> **RECORDS**
#####
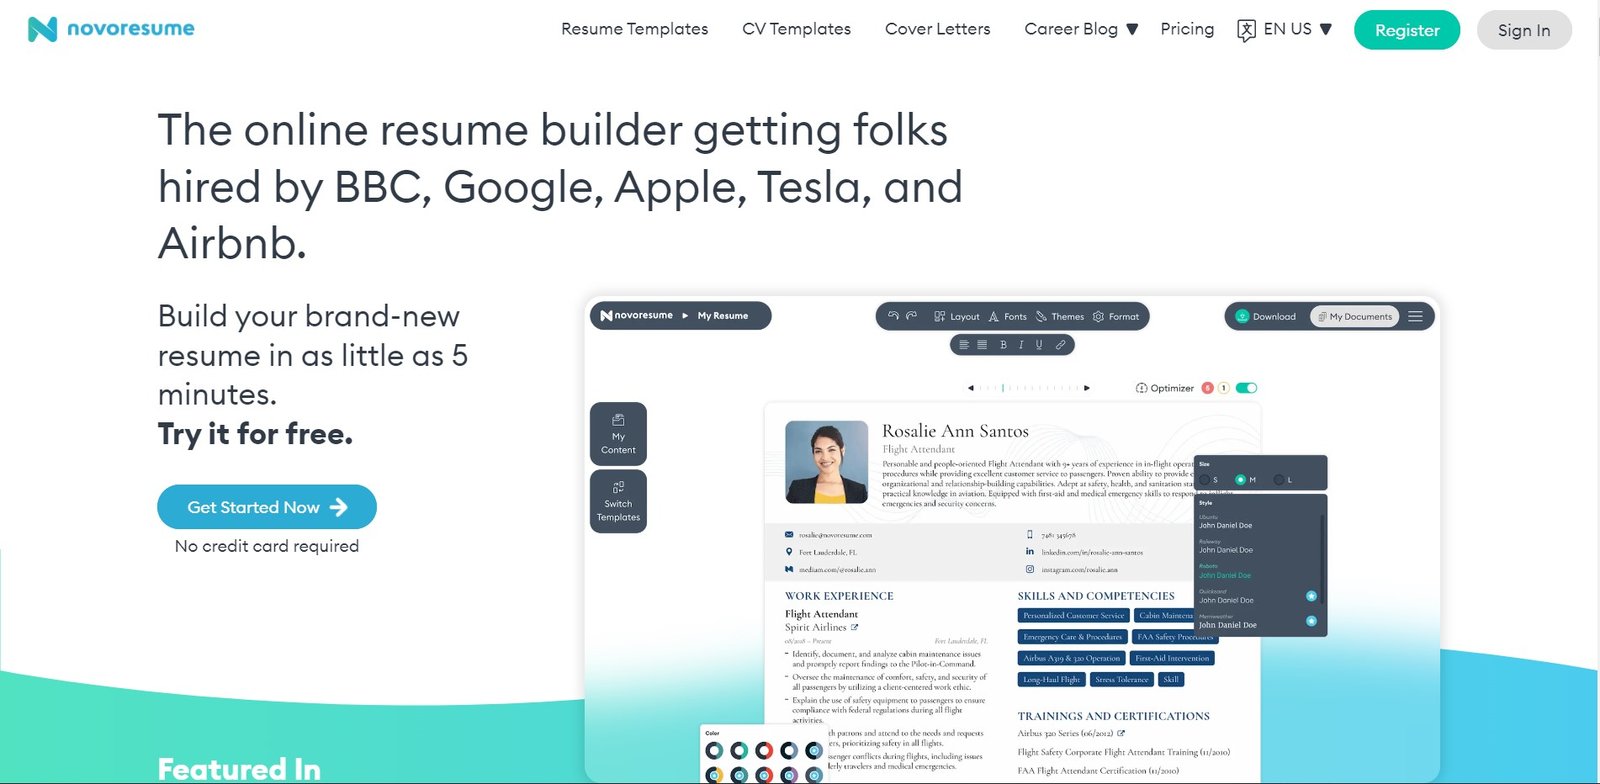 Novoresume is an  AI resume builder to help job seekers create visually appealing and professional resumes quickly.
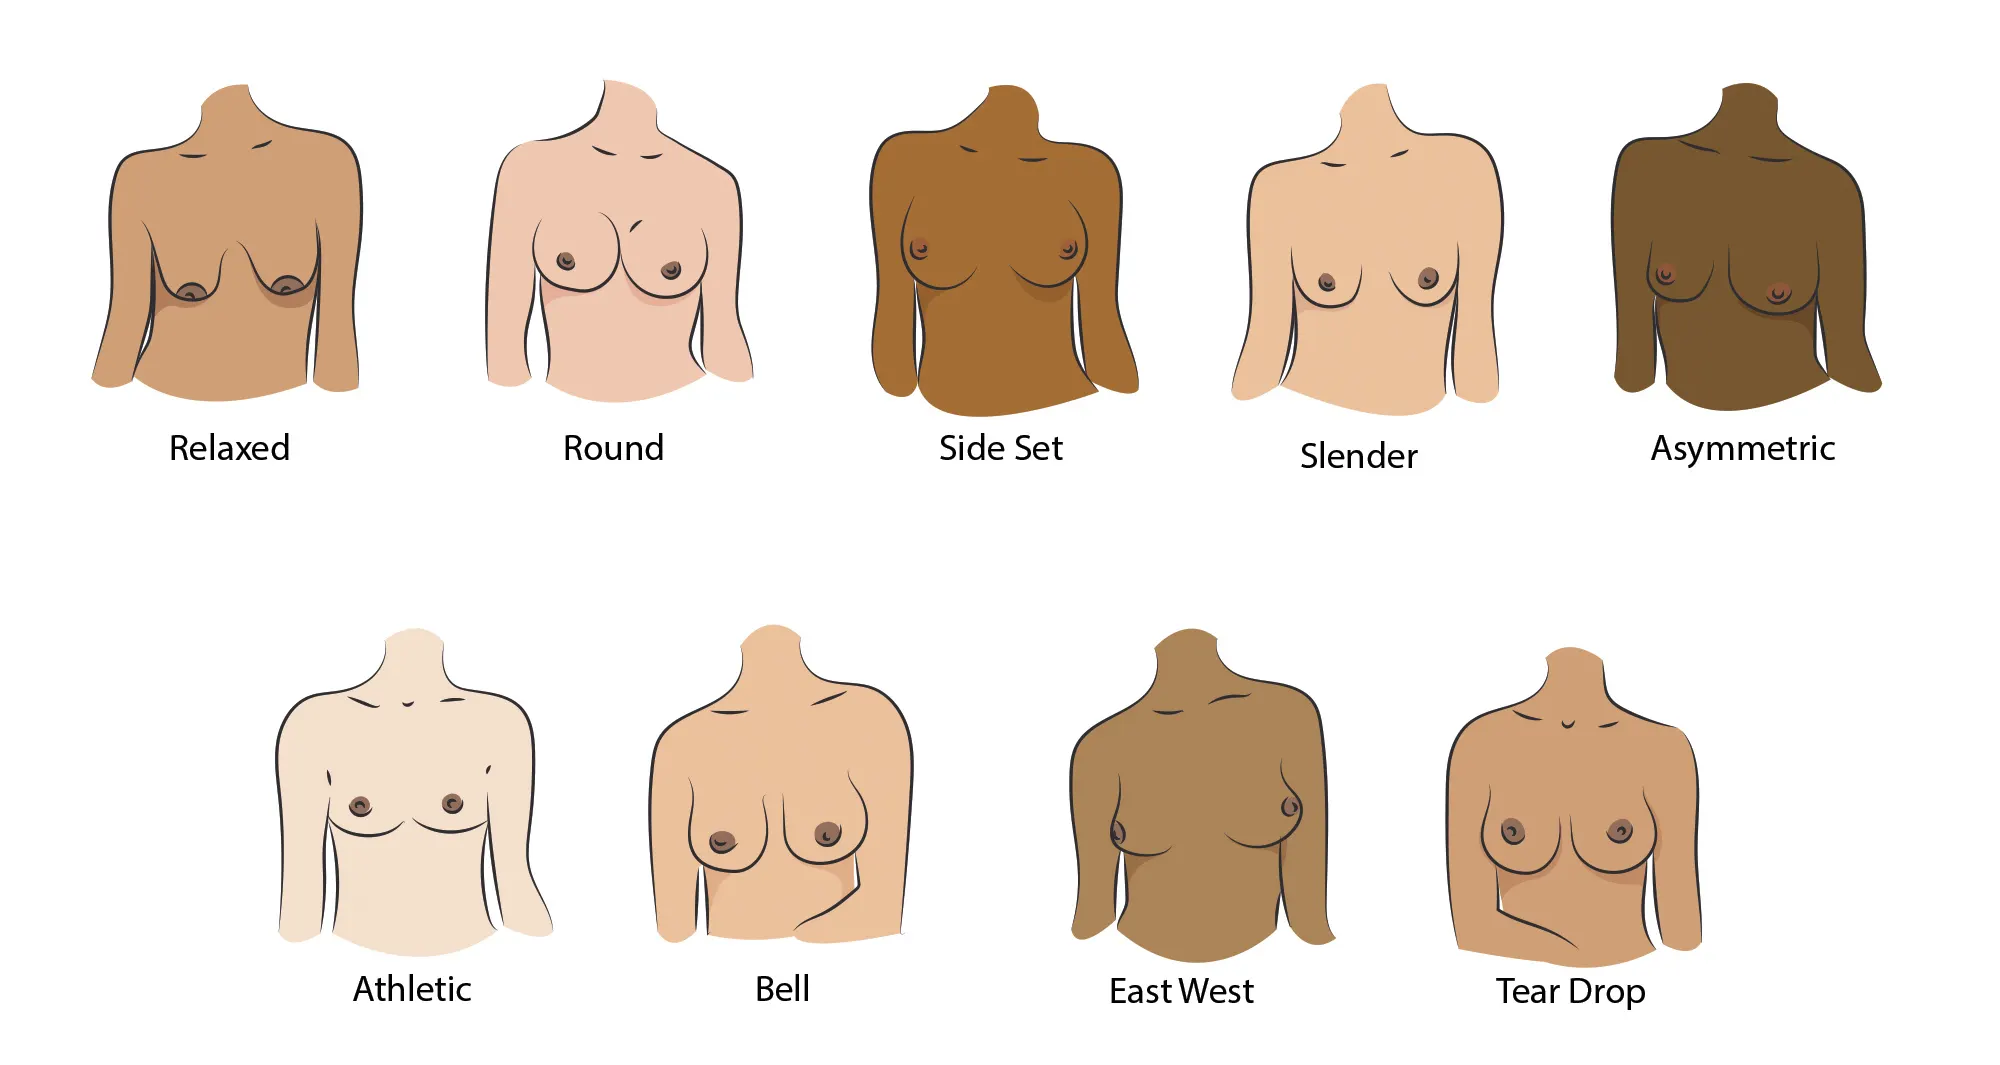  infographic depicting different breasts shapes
#####
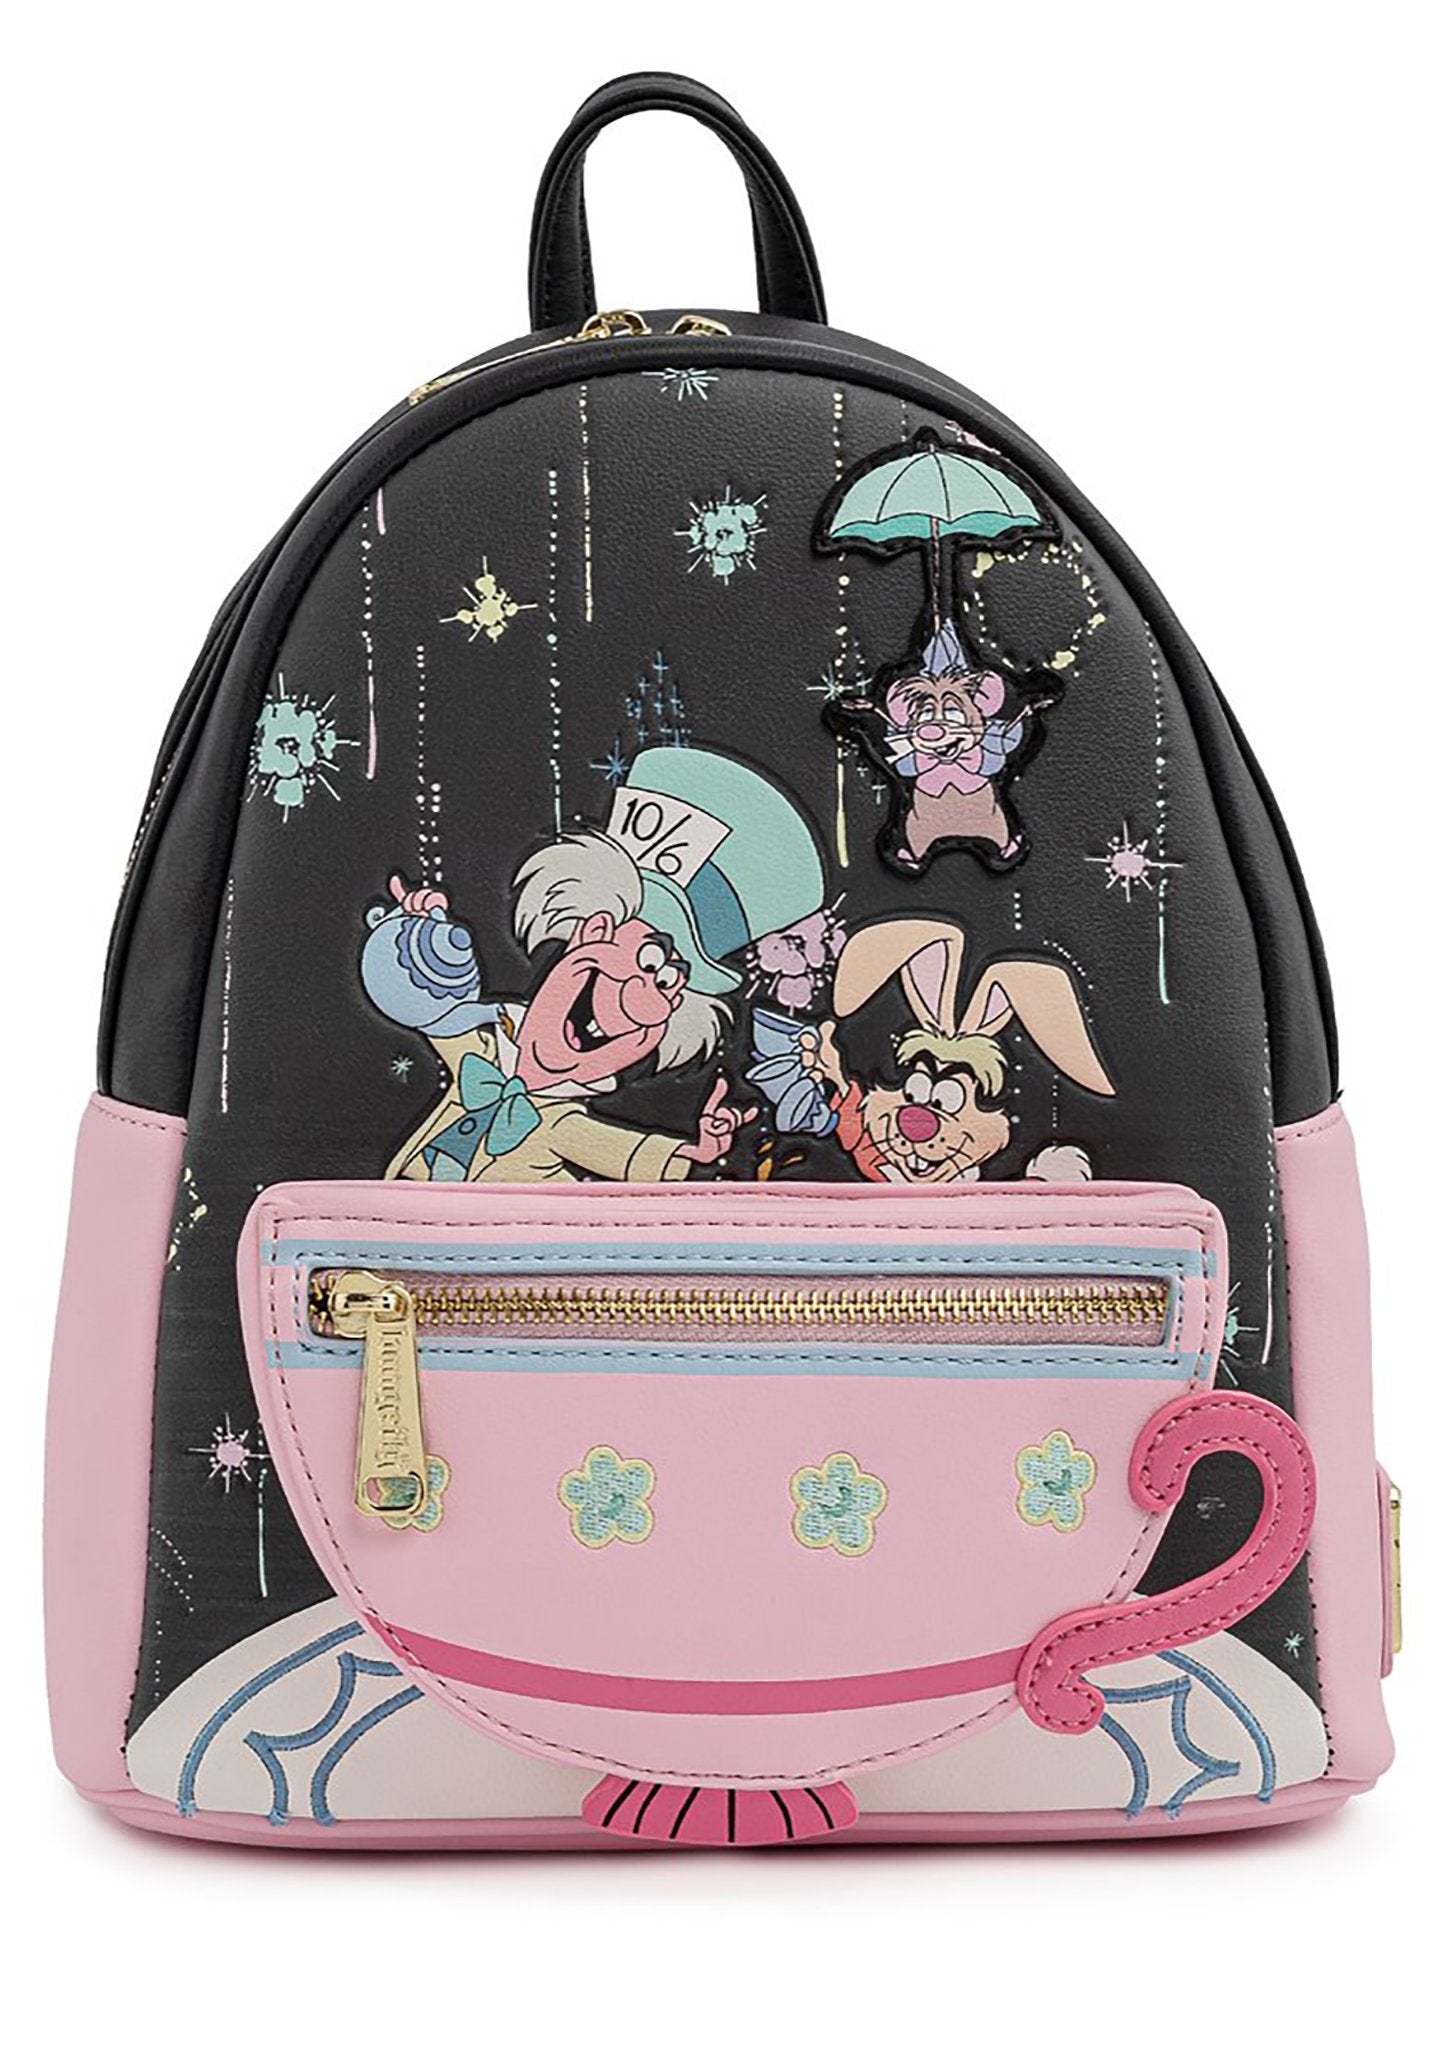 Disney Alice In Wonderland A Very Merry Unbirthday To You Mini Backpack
#####
> **BRIEF**
Using the material above, reproduce only the lines that run from the line with "Novoresume is an  AI" up to and including the line with "infographic depicting different", exactly, with the pictures dropped.

> **SOLUTION TO THE PROBLEM**
 Novoresume is an  AI resume builder to help job seekers create visually appealing and professional resumes quickly.
  infographic depicting different breasts shapes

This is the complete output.